FJ.III.4.- En cuanto a la vulneración del art. 151 de la CPE; el recurrente refiere que, se le deja en total indefensión y falta de cumplimiento al debido proceso y lo irónico es cuando el Juez de instancia entra a detallar las cláusulas del contrato de venta a crédito protocolizadas en el Testimonio N° 135/1995 (I.5.2.) base de la demanda.

De la revisión y análisis de lo demandado, se tiene que el demandante, ahora recurrente, también invocó el art. 151 de la CPE, que establece: I. Las asambleístas y los asambleístas gozarán de inviolabilidad personal durante el tiempo de su mandato y con posterioridad a éste, por las opiniones, comunicaciones, representaciones, requerimientos, interpelaciones, denuncias, propuestas, expresiones o cualquier acto de legislación…” (sic), disposición constitucional que no guarda relación con lo expuesto en la demanda ni con lo acusado en el recurso de nulidad dentro del presente proceso de Resolución de Contrato.

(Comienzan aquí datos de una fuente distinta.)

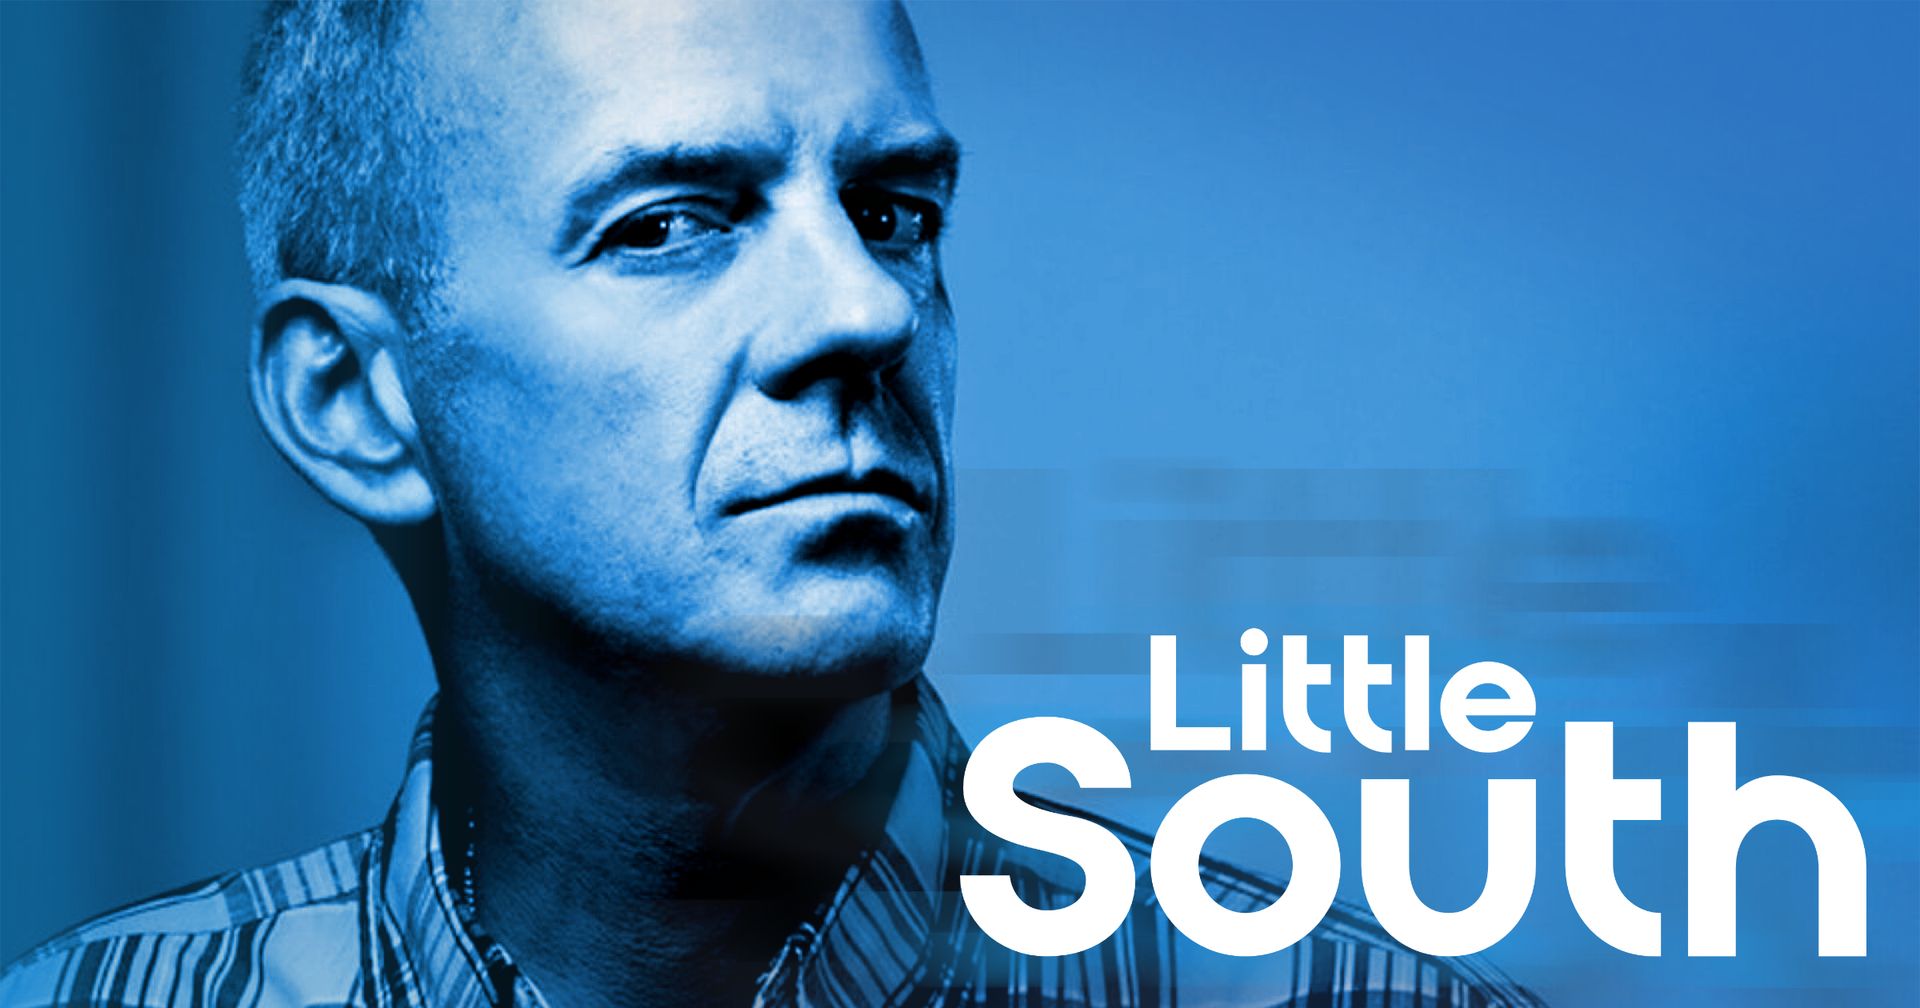 a poster for little south features fatboy slim in a shirt

Al margen de lo señalado anteriormente, este Tribunal de casación tiene la ineludible obligación de revisar de oficio los procesos puestos a su conocimiento con la finalidad de verificar si la autoridad jurisdiccional observó los plazos y formas esenciales que rigen la admisión, tramitación y conclusión de los mismos, es así que de la revisión de obrados y conforme se tiene expuesto precedentemente el Juez de instancia a tiempo de resolver declarando Probada la Excepción de Prescripción, al margen de seguir la línea jurisprudencial agroambiental contenida en el ANA S1 N° 03/2017 de 07 de febrero, sustentó su fallo en los arts. 1289, 1439, 1507 del Código Civil y 150 del Código Procesal Civil, de aplicación supletoria en la materia por mandato del art. 78 de la Ley N° 1715, preceptos legales acusados en el presente recurso de casación de aplicación indebida; en cuyo mérito, resulta pertinente dejar establecido que, el art. 1493 del Código Civil, (COMIENZO DE LA PRESCRIPCION), señala: “La prescripción comienza a correr desde que el derecho ha podido hacerse valer o desde que el titular ha dejado de ejercerlo” (la negrilla es agregado); por su parte, el art. 1507 (DISPOSICION GENERAL) del código sustantivo precitado, refiere: “Los derechos patrimoniales se extinguen por la prescripción en el plazo de cinco años, a menos que la ley disponga otra cosa” (La negrilla es agregada).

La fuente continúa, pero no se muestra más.